Review of The Thirteen Hallows by

Book cover for The Thirteen Hallows

I probably shouldn’t have read this, considering how little time I had left to get through these library books. I probably should have skipped in favour of a book I was more confident I could enjoy. But I think I needed this—I needed something that’s just so bad I could sit back and bask in its badness for a bit. The Thirteen Hallows certainly satisfied me in that regard.

All the warning signs are clearly there. There’s the cover—and no, one shouldn’t judge a book solely by the cover, but the cover can give good indications about target audiences and the like. This one is abysmally generic, more akin to a mystery thriller than epic urban fantasy. That did not leave me with much hope for the tone of this adventure.

Indeed, the writing quickly confirmed my fears. The prose is turgid in its use of unnecessary adverbs and adjectives (“darkly crimson” as one example). The protagonist named on the back cover doesn’t appear until page 30. I can understand not starting immediately with the protagonist, but that seems excessive. Though, from the opening lines, I can understand why Sarah’s debut is delayed:

Sarah Miller had never done anything extraordinary in her life.

At twenty-two, Sarah still had dreams of greatness.

So Sarah is boring and pedestrian, eh? Sounds like a great protagonist! I’m so very interested in the book now.

Clearly the authors are trying to depict Sarah as a “normal” twenty-two-year-old before she becomes mixed up in this mythological mystery. I think the second sentence is supposed to mean, “She’s young, so she still thinks she can change the world”—a kind of wink/nod to the presumably older audience who is reading this. This is where being aware of the juxtaposition of sentences comes in handy, because when it follows that first sentence, it undermines that effect. It trips my sarcasm meter, and I retort, “She’s only twenty-two! Plenty of time left for dreams and extraordinary deeds.”
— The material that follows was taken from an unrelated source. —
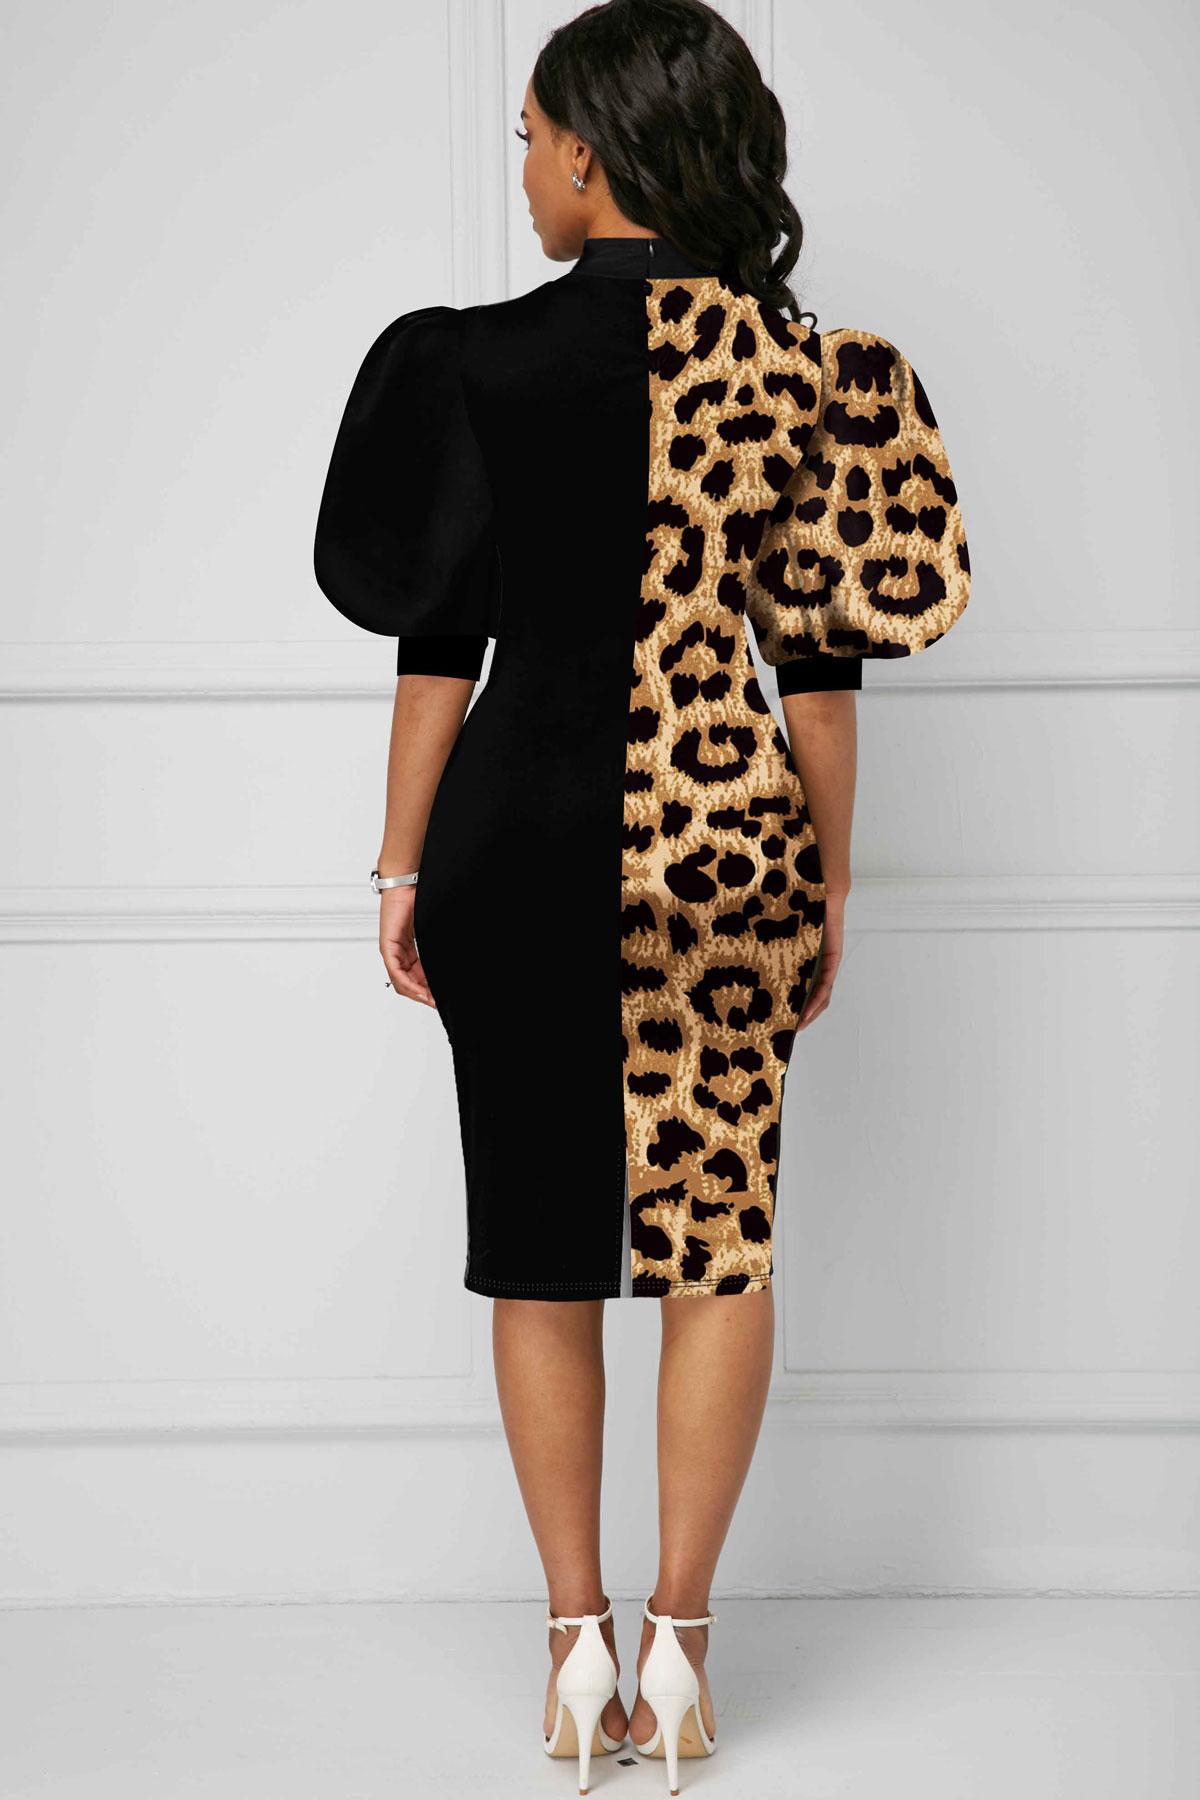 Leopard Bowknot Puff Sleeve Color Block Dress

Unfortunately, Sarah isn’t a very interesting character. I sympathize with her, not for being swept up in the circumstances she’s in but for being trapped in such a terrible book.

The plot is a race against time. The bad guy is looking to collect all thirteen Hallows of Great Britain so that he can use them on Halloween (get it?) to unlock the gates keeping demons out of the world. He believes this will lead to some kind of personal apotheosis; I think he is crazy to think the demons aren’t going to eat him. But that’s generic villains for you.
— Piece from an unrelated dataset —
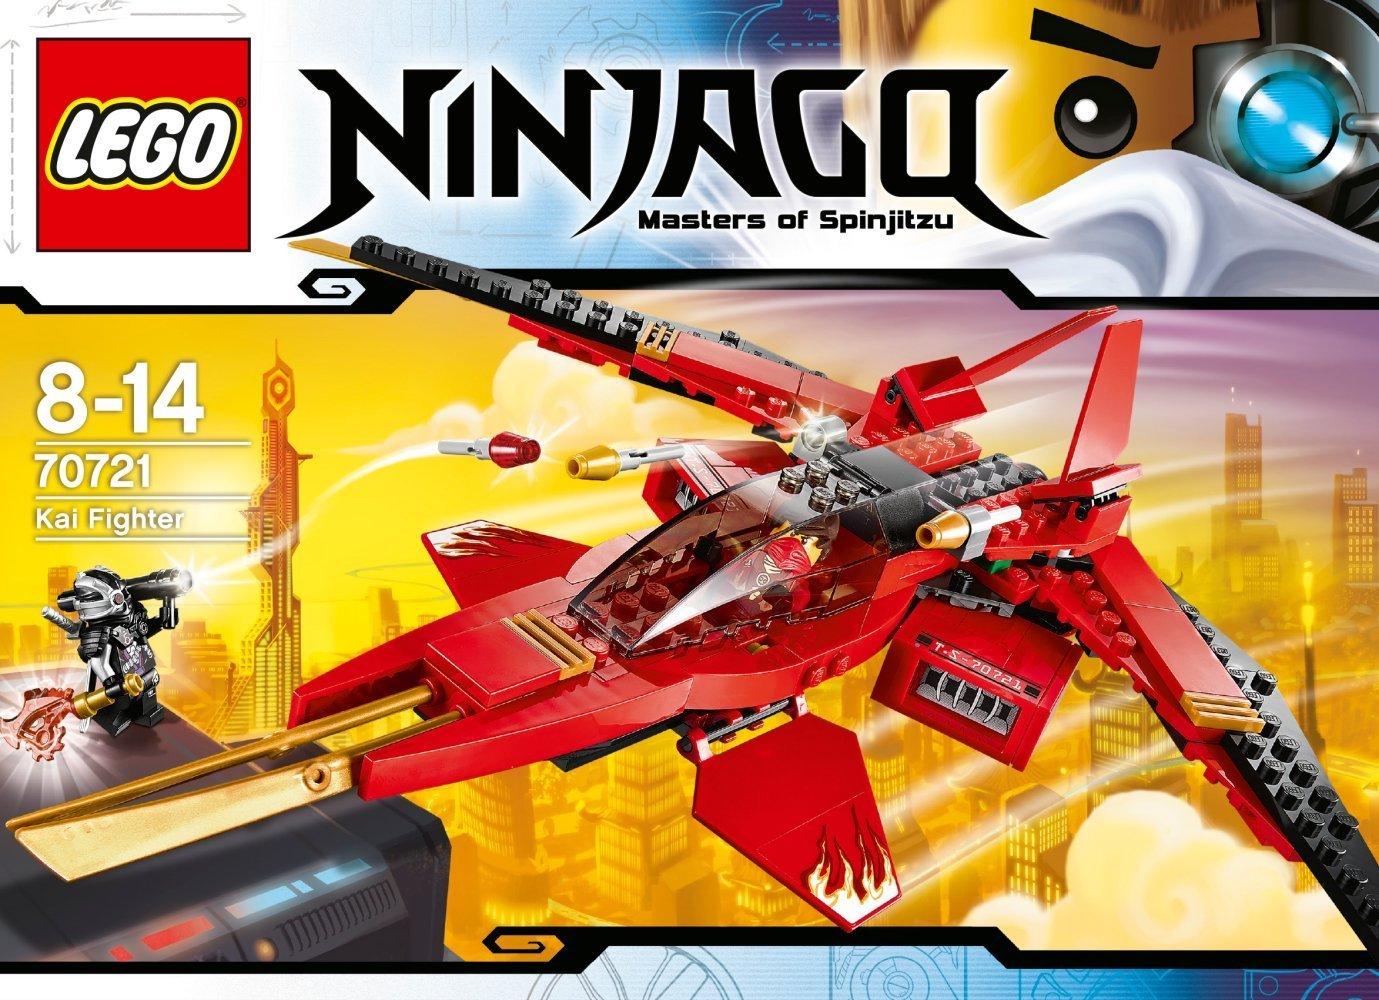 70721 le superjet de kai de lego - Lego ninjago nouvelle saison ...

Sarah inadvertently becomes mixed up in this plot when she befriends Judith Walker, keeper of the Broken Sword. Judith entrusts the sword to Sarah’s safekeeping, telling her to give it to Judith’s nephew, Owen. Sarah and Owen meet, team up, hook up, and go to Wales together to face down the bad guy and save the world.

There’s an author’s note at the end that mentions that the Hallows are actual, real objects with historical pedigrees—and they are. Mind you, they aren’t necessarily two-thousand-year-old artifacts imbued with magic by Jesus. (I particularly wonder how Scott and Freedman square the chessboard with this story, when chess was invented circa 6 century.) And that’s what annoys me … I don’t mind if authors use historical artifacts as part of a vastly fictious tale; nor do I mind if they make up artifacts instead. It seems to me like if you’re going to go to the trouble of using something real, though, you might as well hew as closely to the truth as possible and derive interesting consequences from that.

Instead, we have a freaky demon portal story that only makes sense if you look at it sideways on All Hallows Eve. Why are the demons coming through portals in Britain and not, say, Judea? Why does Ambrose give out the artifacts to a bunch of children? Wouldn’t that leave the artifacts very vulnerable to bad guys until the children grow up?

Let’s give the benefit of a doubt, though, and say that the premise is an interesting and worthy idea for a story. What of the story itself? It could be thrilling, except … oh, my. Where do I begin?

We’ve got a pair of cops who are on Sarah’s trail for multiple murders with the magic sword. They are just barely competent yet somehow never manage to catch her. It would be a lot more believable if they had caught her at some point and she had escaped or co-opted them. As it is, they are dead weight.

Scott and Freedman handle exposition is the most clunky, least interesting way they possibly could. Every once in a while, the action stops so that Sarah and Owen can sit down with a wiser character and listen them expound on things these two need to know (first it’s Brigid, then Ambrose). Meanwhile, we get subjected to numerous scenes of the bad guys gnashing their teeth and going, “Raaawr, we can’t find them in the Astral [plane]!” It would be funny if it weren’t so boring.

Strictly speaking, this is a book. It is a story, with a plot, and characters. But there are just so many better examples of books out there, that this one is hardly worth the time it takes to slog through it.